Here’s a function to do it:
def text_triangle(base, char):
return '\n'.join(' ' * (base-i) + char * i for i in range(1, base+1))
print(text_triangle(6, 'o'))
Not going to hold the fact that you just posted a screenshot against you because this question has a lot to do with formatting, which is difficult to represent in markdown.
EDIT
You got the correct number of spaces on each line (good job!). The problem with your code was that you were only putting a single 'o' on each line instead of filling the rest of the line with 'o'‘s.
base = 6
for r in range(base-1, -1, -1):
for blank in range(0, r):
print(' ', end='')
for o in range(r, base):
print('o', end='')
print()
To do that, we can just write another nested for-loop that picks up where the last nested for-loop left off, at r, and go until the end of the line, base. Finally, we need to call print() with no arguments at the bottom of the main for-loop to get a newline character. I hope this is more explanatory than my quick answer before.

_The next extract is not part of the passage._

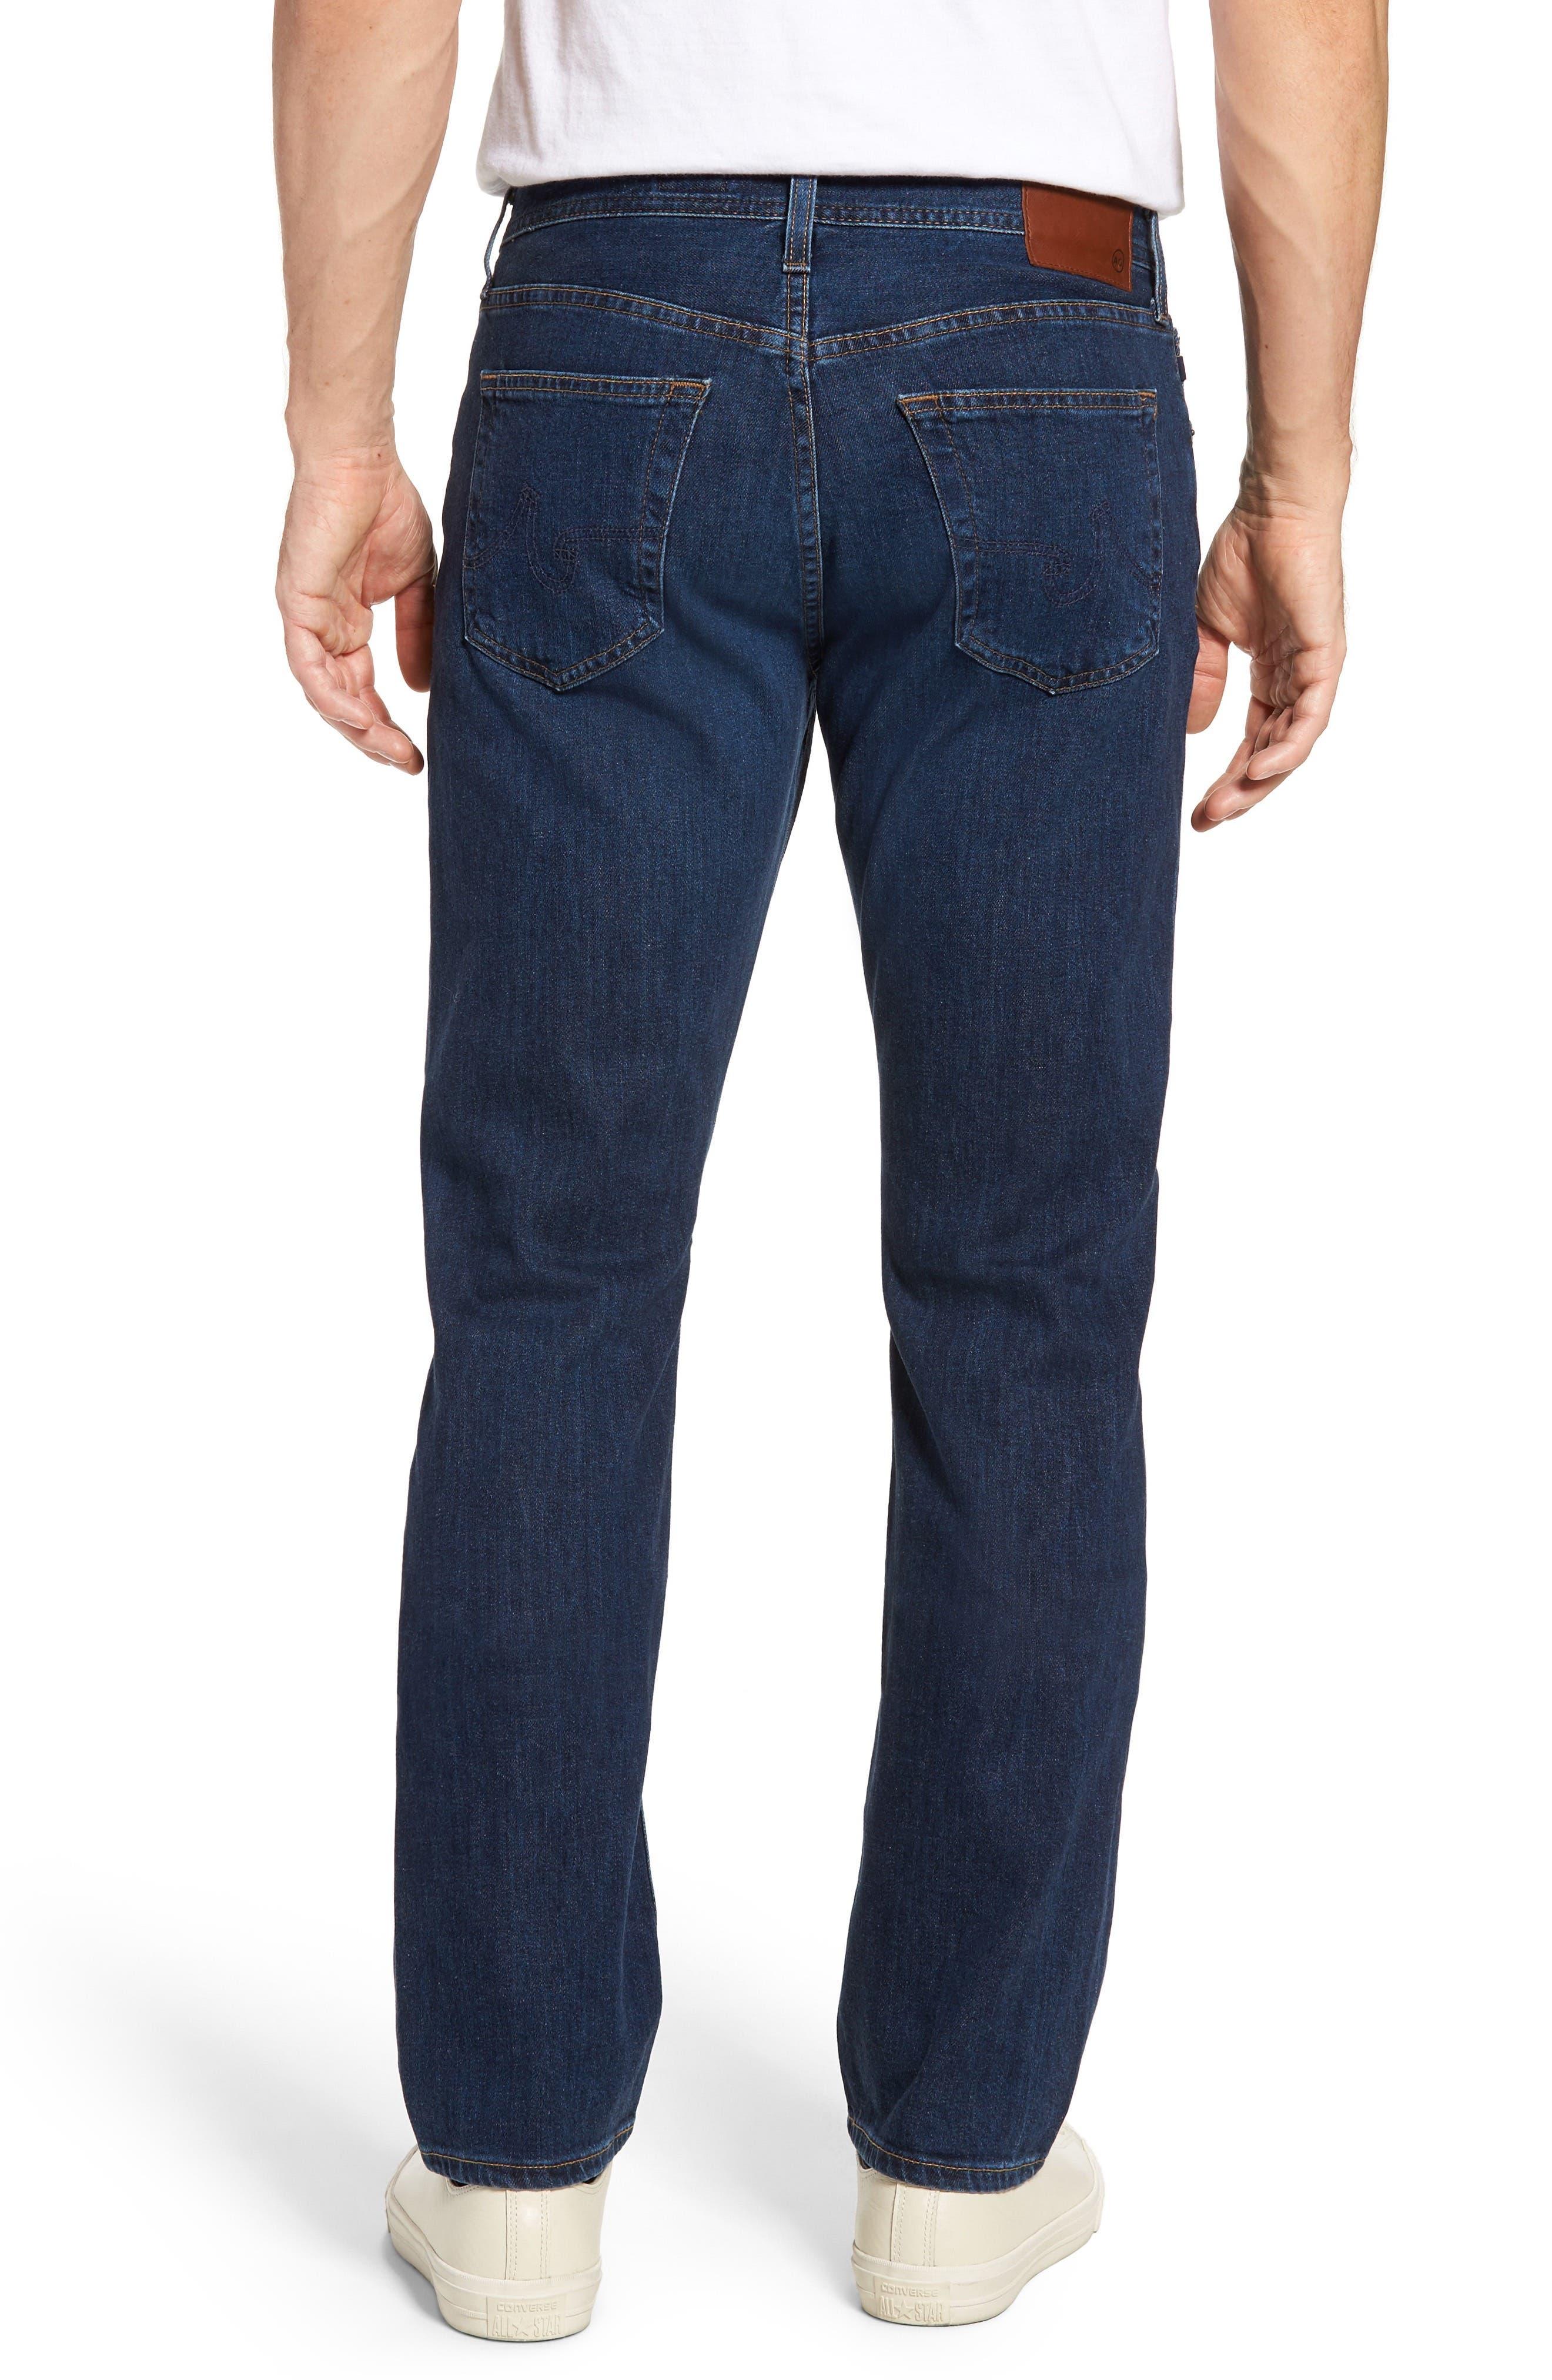 Graduate Slim Straight Leg Jeans,                             Alternate thumbnail 2, color,                             435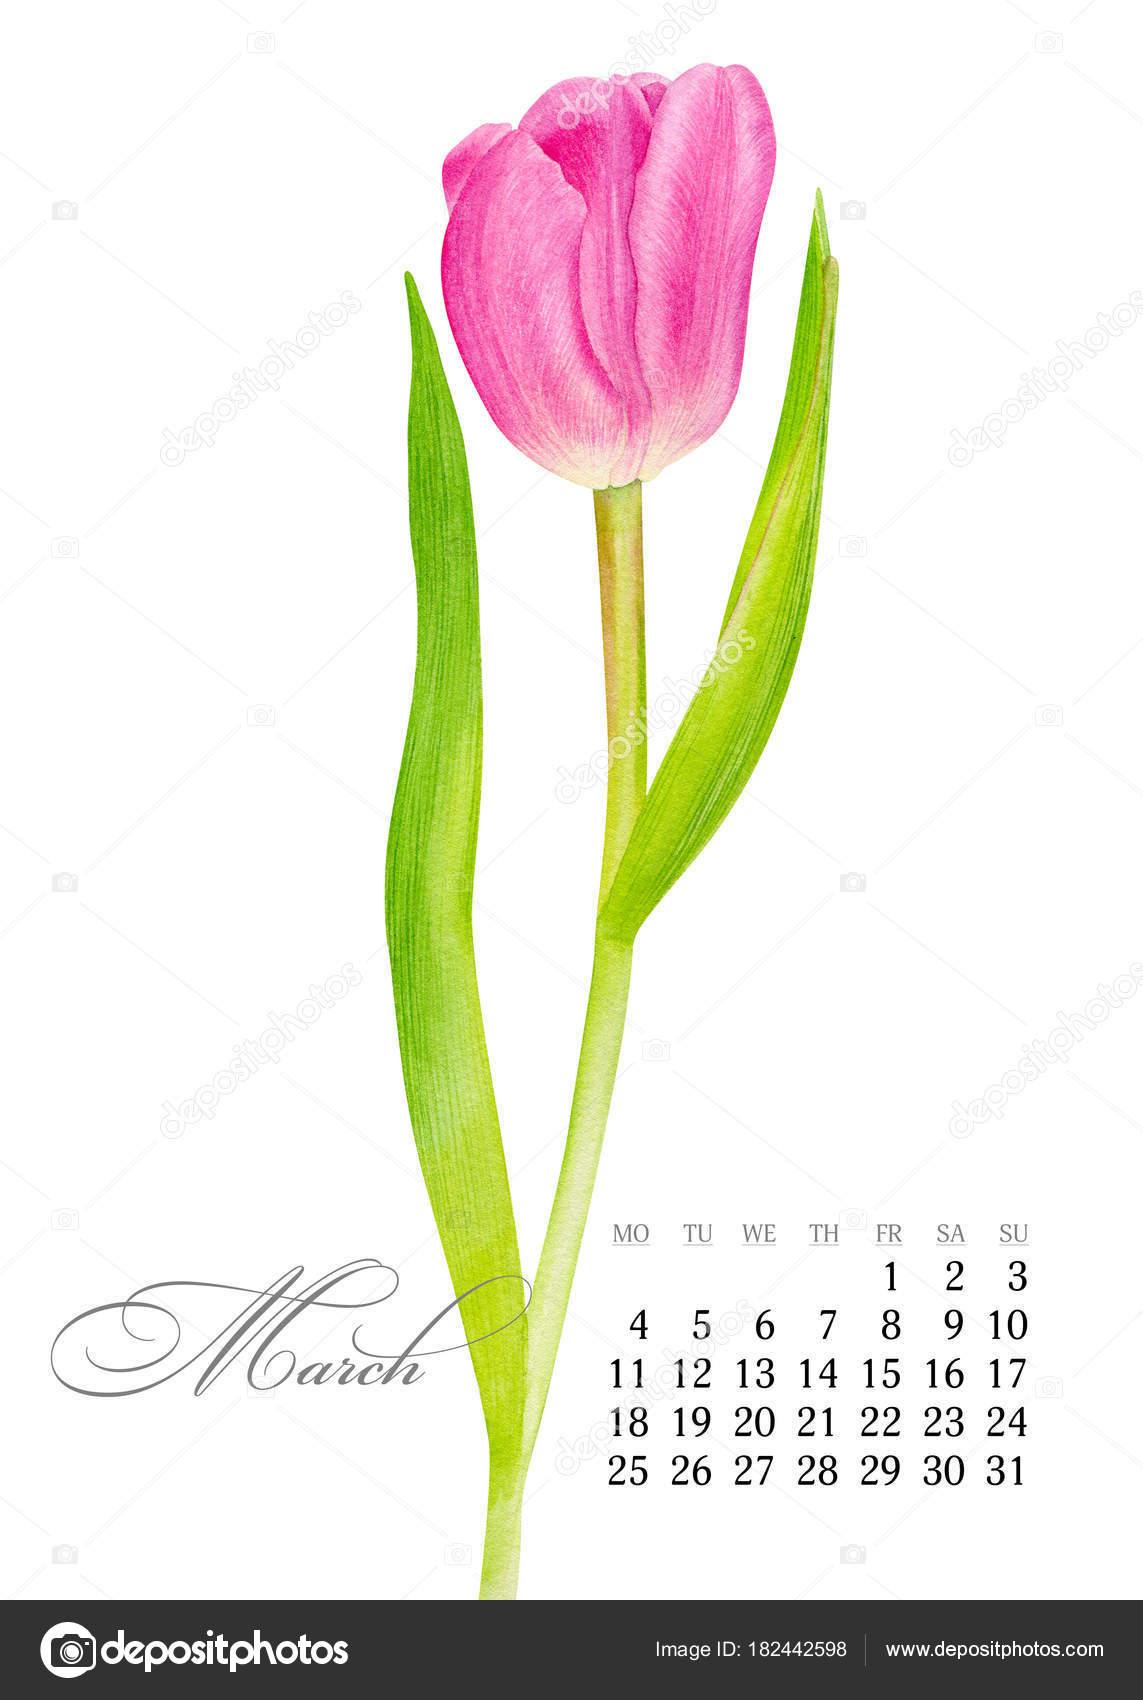 photo regarding Tulip Template Printable identified as Tulip routine printable Sophisticated printable calendar 2019

The above fits your teacher’s requirements, but is far from the best solution. If I had to answer this question without any restrictions (i.e. using nested for-loops), I would probably do something like this:
base = 6
for r in range(base):
print('{:>{}}'.format('o' * (r+1), base))
This solution uses str.format() and the format specification mini-language to right align the 'o'‘s.